The Aussie dollar fell a further -0.4% to US64.82c as the USD appreciated against all major currencies.

Meanwhile, Bitcoin was down -1% % in the last 24 hours to US$42,368.

 

5 ASX small caps to watch today

RLF AgTech (ASX:RLF)
Half year FY24 unaudited revenue was $3.9 million, around 40% higher than the pcp. The company forecasts that around 25% of its annual revenue would be generated during this half. RLF said it remains on track to achieve the market guidance range of $15m to $16m for the full year of FY24.

Janison Education (ASX:JAN)
Janison announced that it has signed an agreement with the NSW Department of Education and Cambridge University Press & Assessment to deliver the state’s selective education placement tests as a computer-based test, via its digital assessment platform. The agreement is expected to generate up to $45m in revenue, provided all work stages are approved.

AFT Pharmaceuticals (ASX:AFP)
AFT announced that Maxigesic IV, the patented intravenous form of pain relief medicines, has today been launched in the US by its licensee, Hikma Pharmaceuticals. The launch of the medicine, under the brand Combogesic IV, is the first patented, NZ developed medicine with clinical studies in the world’s largest healthcare market. The first commercial sale of the medicine in the US is expected in the coming weeks, a milestone that will trigger a US$6 million licensee fee to AFT.

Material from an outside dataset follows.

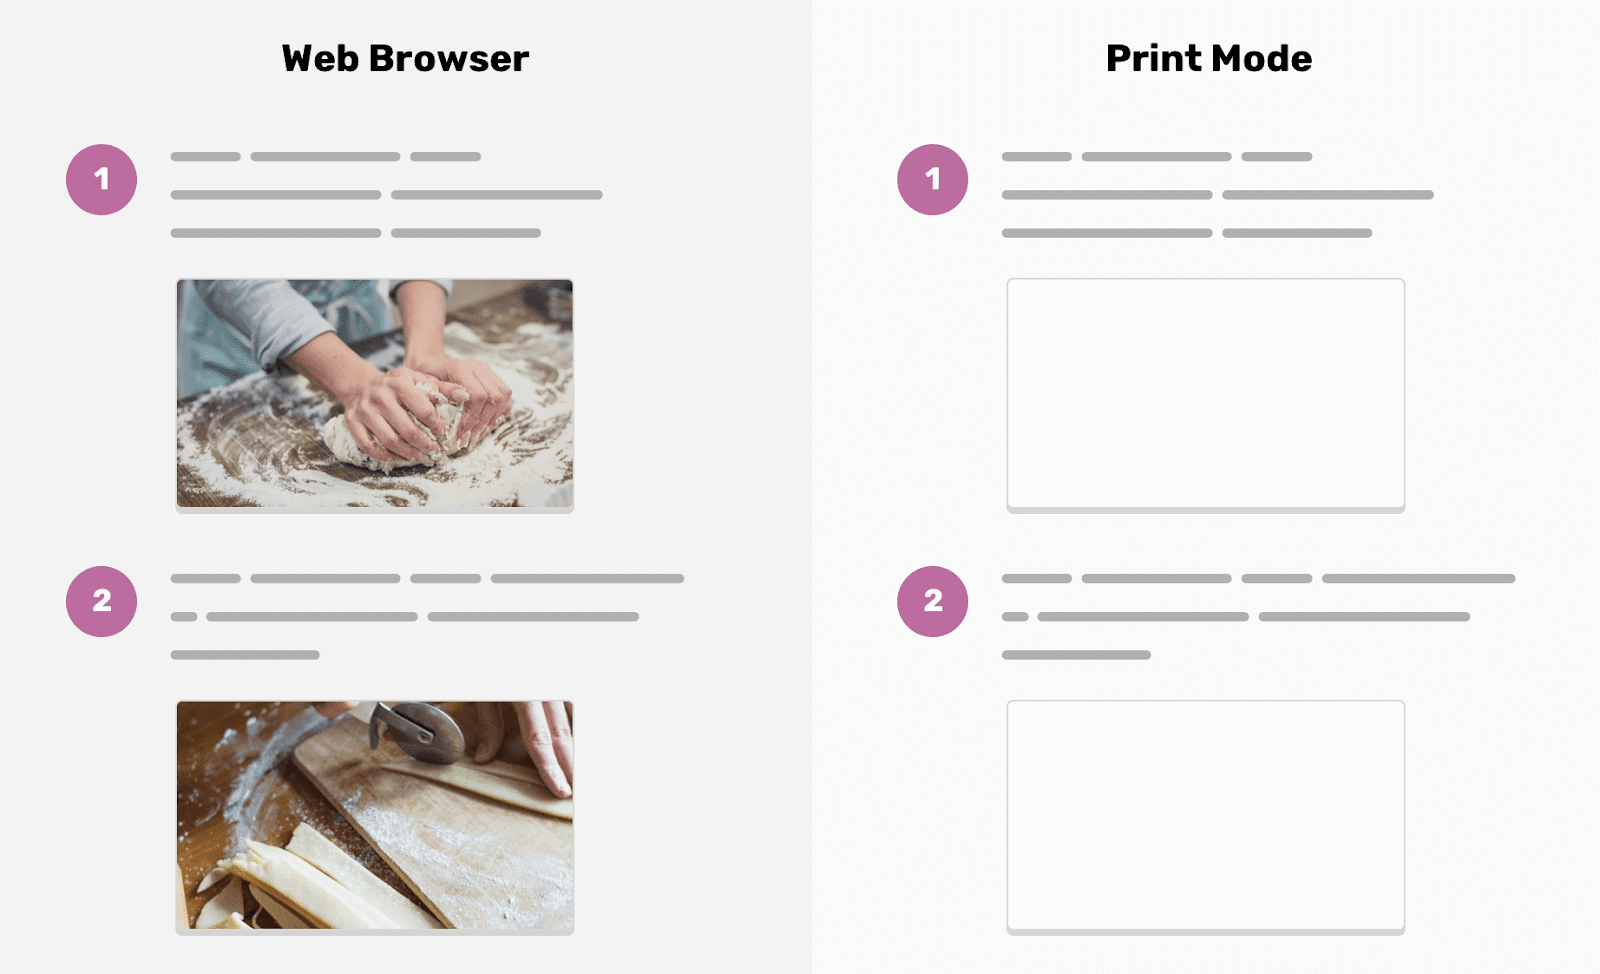 [в закладки] Работа с изображениями в веб - 23

Infini Resources (ASX:I88)
Drone magnetic survey, MMI soil sampling, desktop geological studies and review of historical data have delivered multiple lithium exploration target areas. Three major greenstone target corridors of interest measuring ~6km, ~6km and ~5km in length were identified at Paterson Lake Lithium Project. In addition, seven large lithium geochemical anomalies were identified in MMI soil sampling results.

Verbrec (ASX:VBC)
The engineering company said it’s on track to meet operational savings goals, along with improved gross margins in H1 FY24, which is expected to be between 33.7% and 36.1% compared to 25.5% in the pcp. Looking ahead, Verbrec said it will continue to invest in its core businesses, focussing on growth areas including electrification, gas market transition and green commodities.

 

At Stockhead we tell it like it is. While RLF AgTech is a Stockhead advertiser, it did not sponsor this article.